Доктор Циннер – коммунист; в свое время он чудом избежал ареста и сейчас возвращается в Белград раздуть на горе всем буржуям мировой пожар. Но и его (как перед тем писателя Сейвори) опознает журналистка Уоррен. Эта отчаянная дамочка, алкоголичка и лесбиянка, едет в «Восточном экспрессе» совсем недолго – от Кельна до Вены, – но успевает изрядно испортить жизнь едва ли не всем пассажирам. Циннера она не только раскусывает, но и «раскалывает» на интервью, затем передает текст по телефону из Вены – и на перроне в Суботице революционера уже поджидают югославские полицейские.

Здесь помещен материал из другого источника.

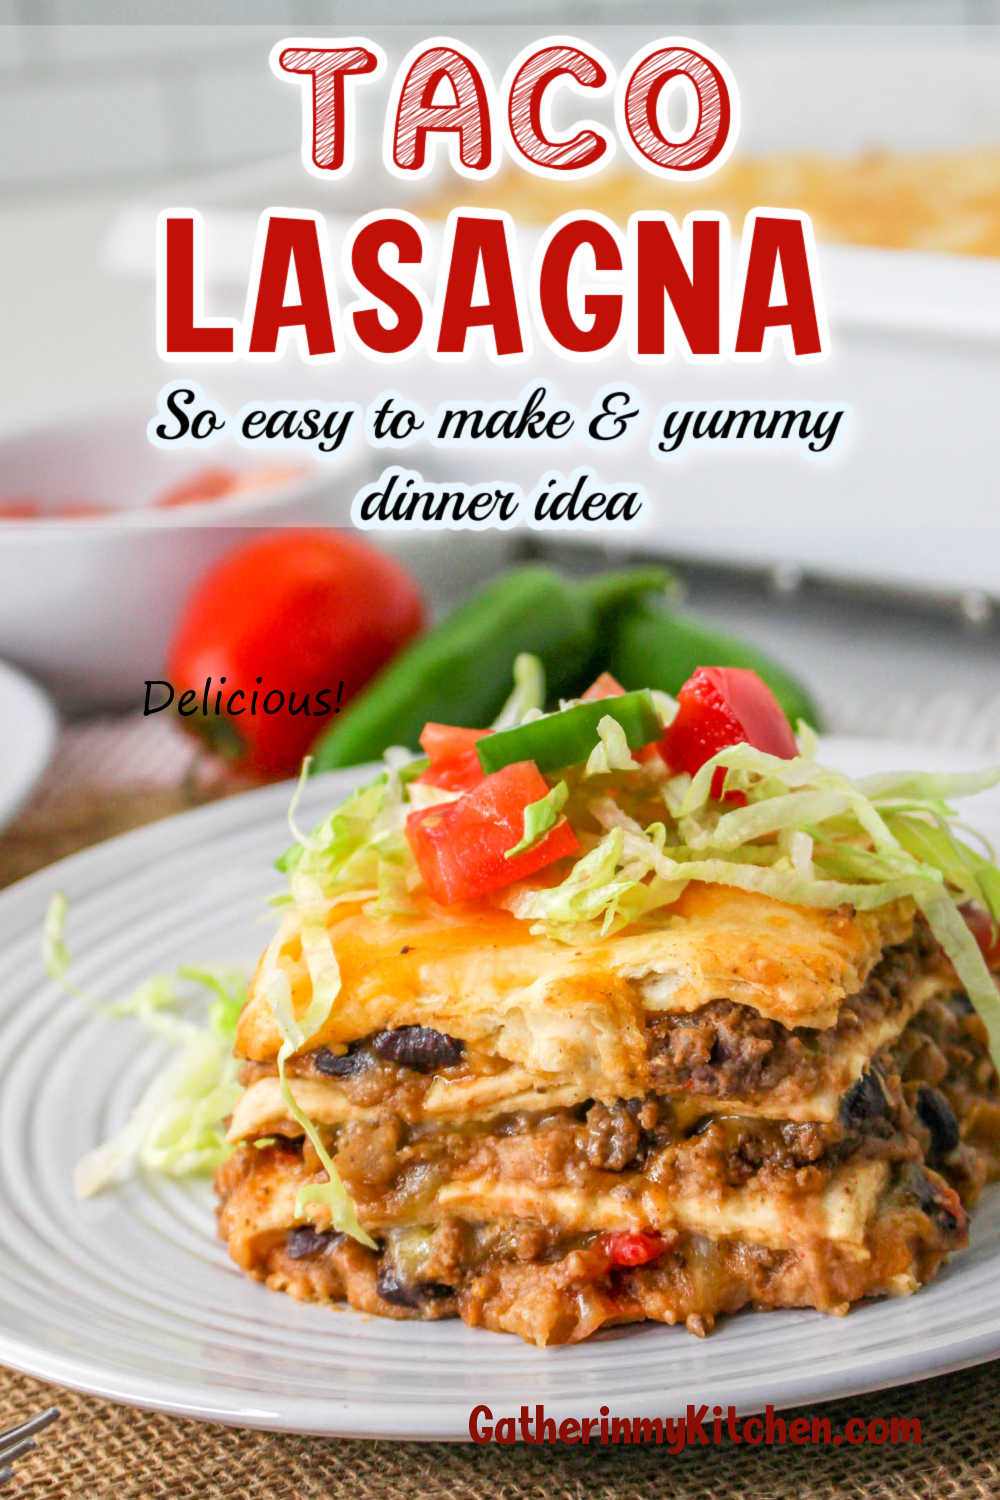 Pin image: top says "Taco Lasagna so easy to make and yummy dinner idea" and background shows a plate of a slice of taco lasagna

Сюжет с телефоном несколько атавистичен даже для 1930-х годов. А вот полувеком раньше в континентальной Европе поймали не одного беглого преступника, который, сев в поезд, почувствовал себя в безопасности, потому что ему и в голову прийти не могло, что его приметы передадут в пункт назначения по телеграфу или по телефону. Сюжет этот описан, в частности, у швейцарского писателя К. Ф. Майера (1825–1898).

В Суботице действие достигает кульминации и в единственный раз, кроме финала в Стамбуле, выходит из замкнутого пространства. Полиция хватает не только Циннера, но и Грюнлиха, а также Корал (соответственно потенциального преступника, закоренелого злодея и невинную жертву), обвиняя всех троих во множестве преступлений – и девушка и впрямь оказывается замешана в одном из них. Правда, нашей несвятой троице удается отчаянный побег из участка – в соседнюю, сказал бы Станислав Ежи Лец, камеру. Да и сам «Восточный экспресс» это своего рода лимбо (преддверие ада); сойдя с поезда, полного эротических мечтаний и политических упований, мы оказываемся в аду, причем попадаем явно не в Первый Круг.